Один сухарь мы откладываем на завтра, остальное съедаем тут же.
— В термосе ничего не осталось? — спрашиваю я Костю.
— Нет, милые, все до капли.
Костя с сочувствием смотрит то на меня, то на Сережку и чихает. Комиссар обходит всех. За ним идут его связной и Бондаренко.
— Ну, орлы, — подходя к нам, говорит он, — держимся?
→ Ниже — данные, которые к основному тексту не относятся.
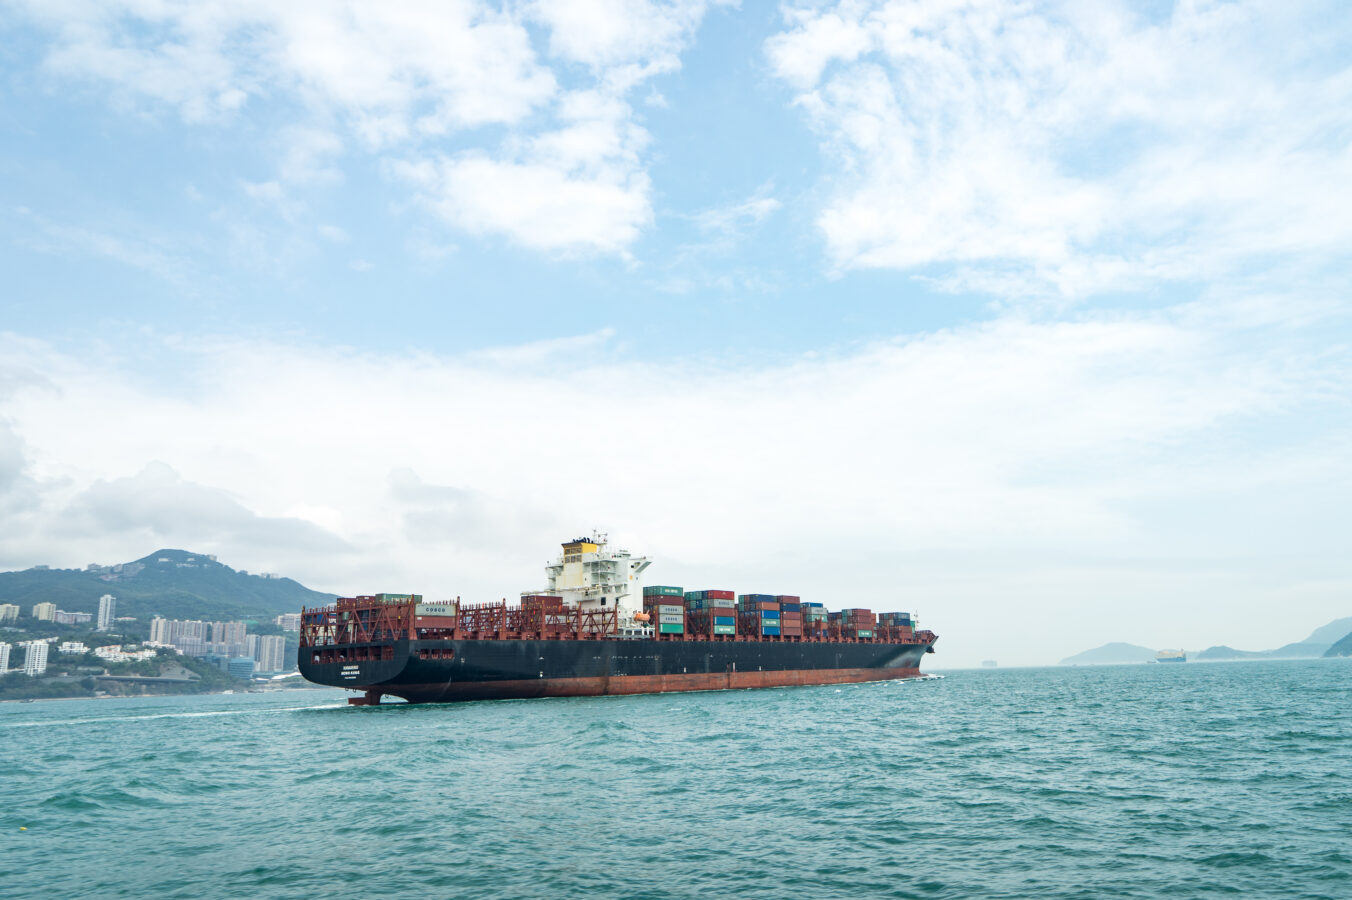 Østre Landsret: Dansk rederi kunne ikke støtte ret på værnetingsklausul overfor dansk medkontrahent
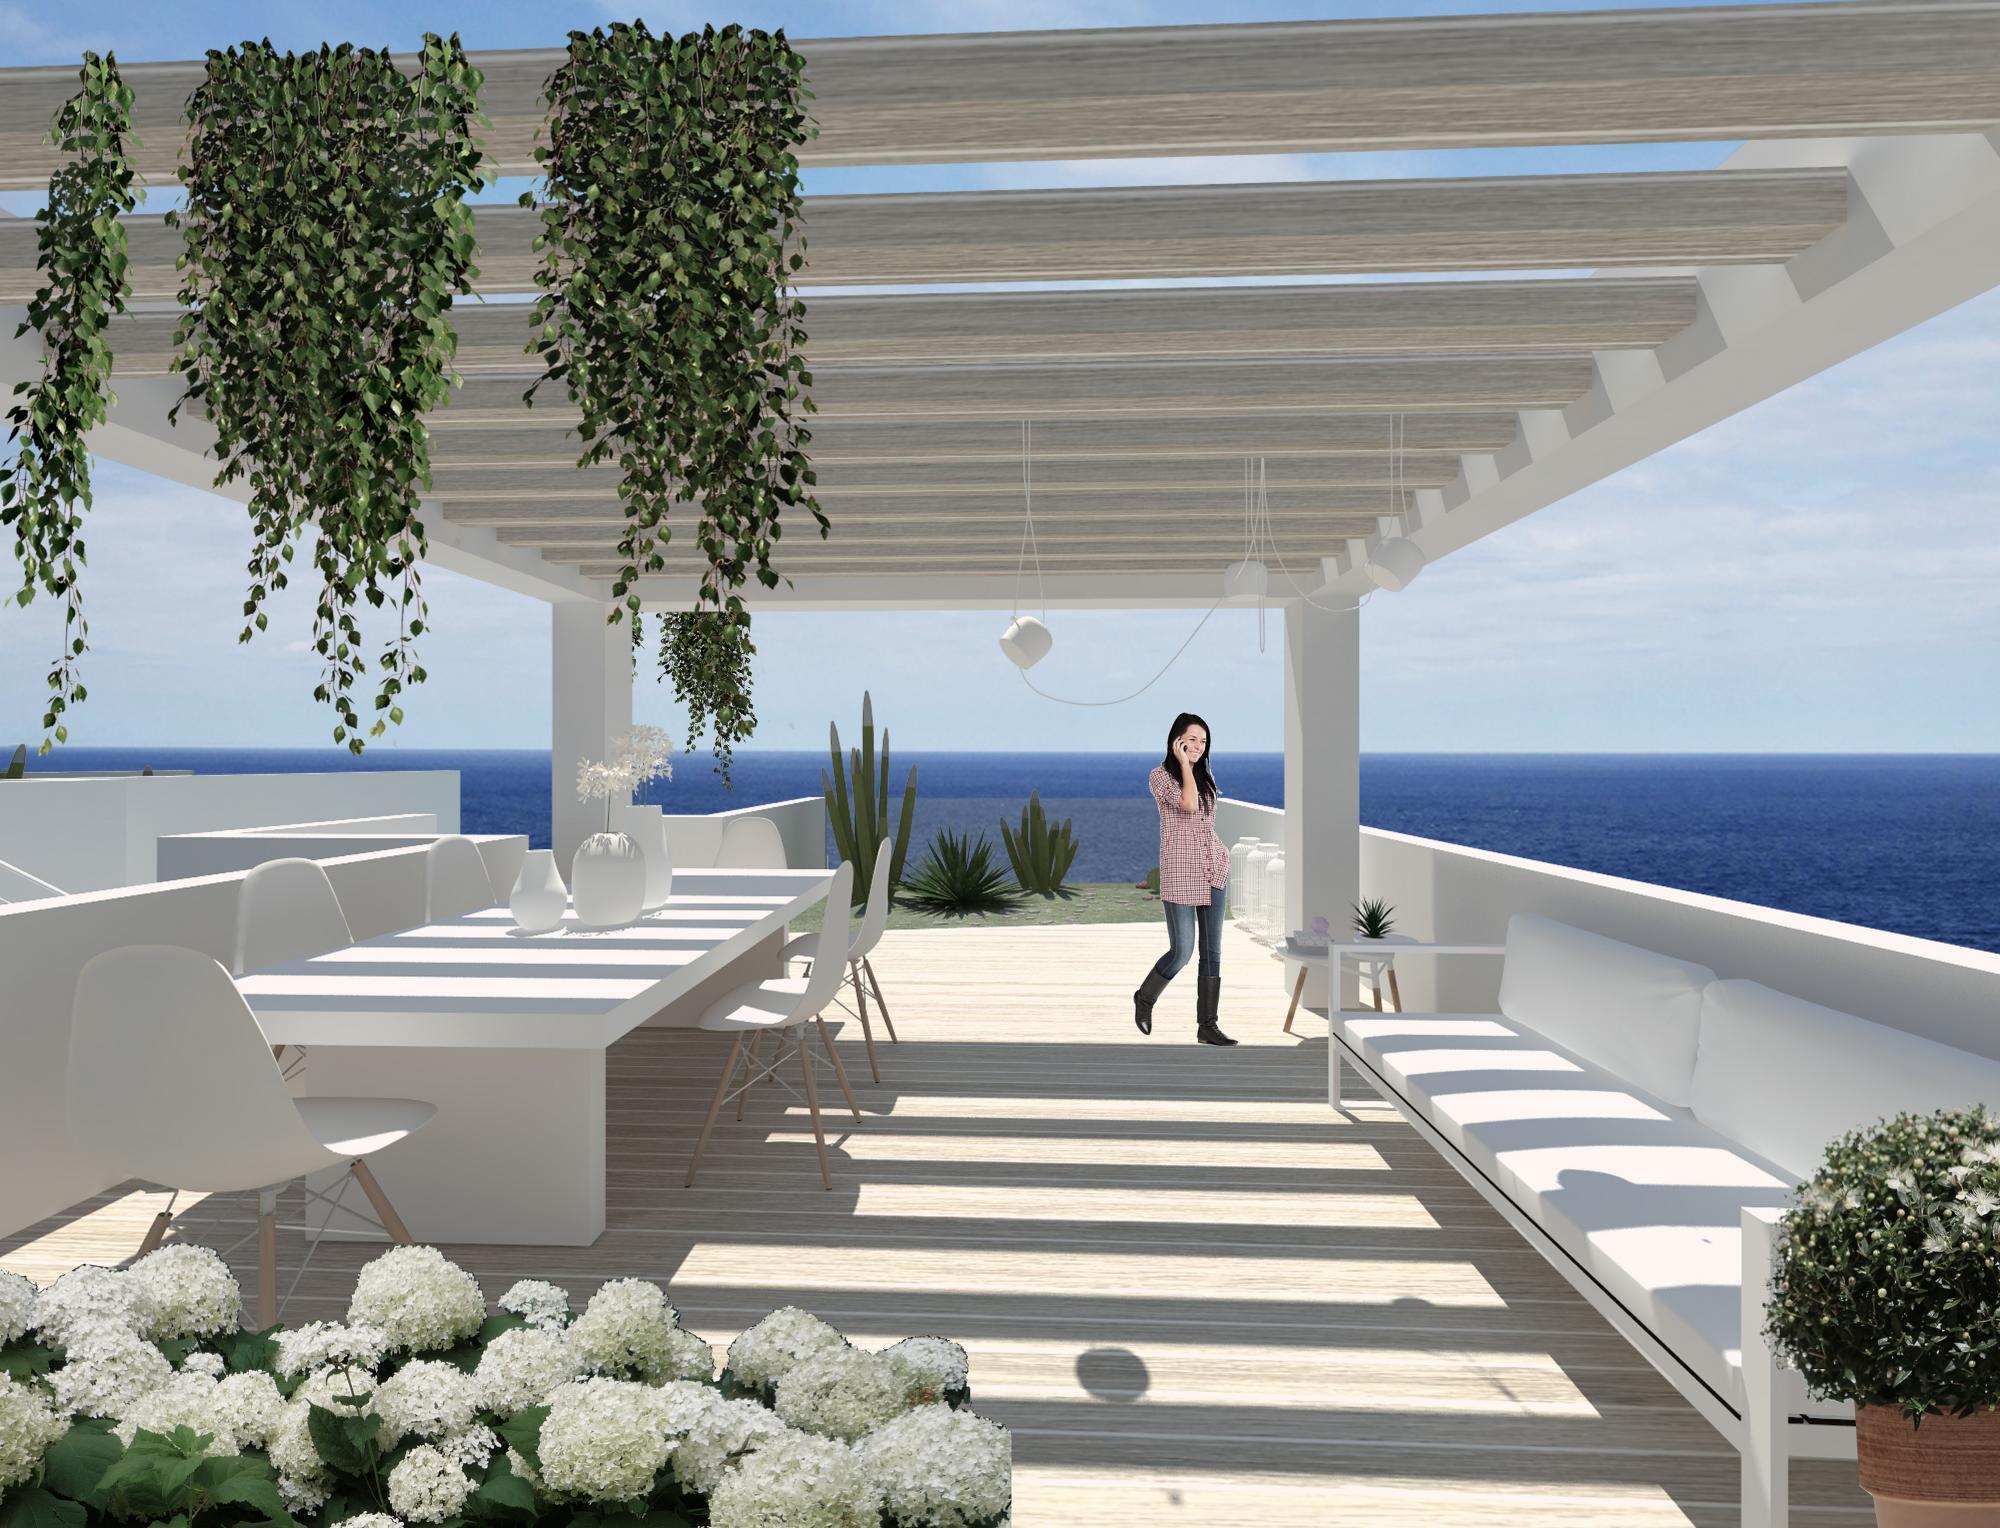 Vendesi due ville di pregio fronte mare con piscina a piano primo castrignano del capo - Residence puglia mare con piscina ...

— Держимся, товарищ комиссар.
— И то вижу. — Он помолчал. — Ну вот что, хлопцы: унывать рановато. — Тут он улыбнулся. — Не сегодня-завтра все обернется в нашу пользу. Это не слова, не утешение, а истина, которая наверняка уже в действии. Нам остается одно — держаться всеми силами, любой ценой. Пусть даже одну комнату и ту надо защищать. Пусть видят фрицы, что мы не сгибаемся под тяжестью невзгод. Вы, наверное, думаете: вот, мол, пришел комиссар, поболтает, поболтает и уйдет.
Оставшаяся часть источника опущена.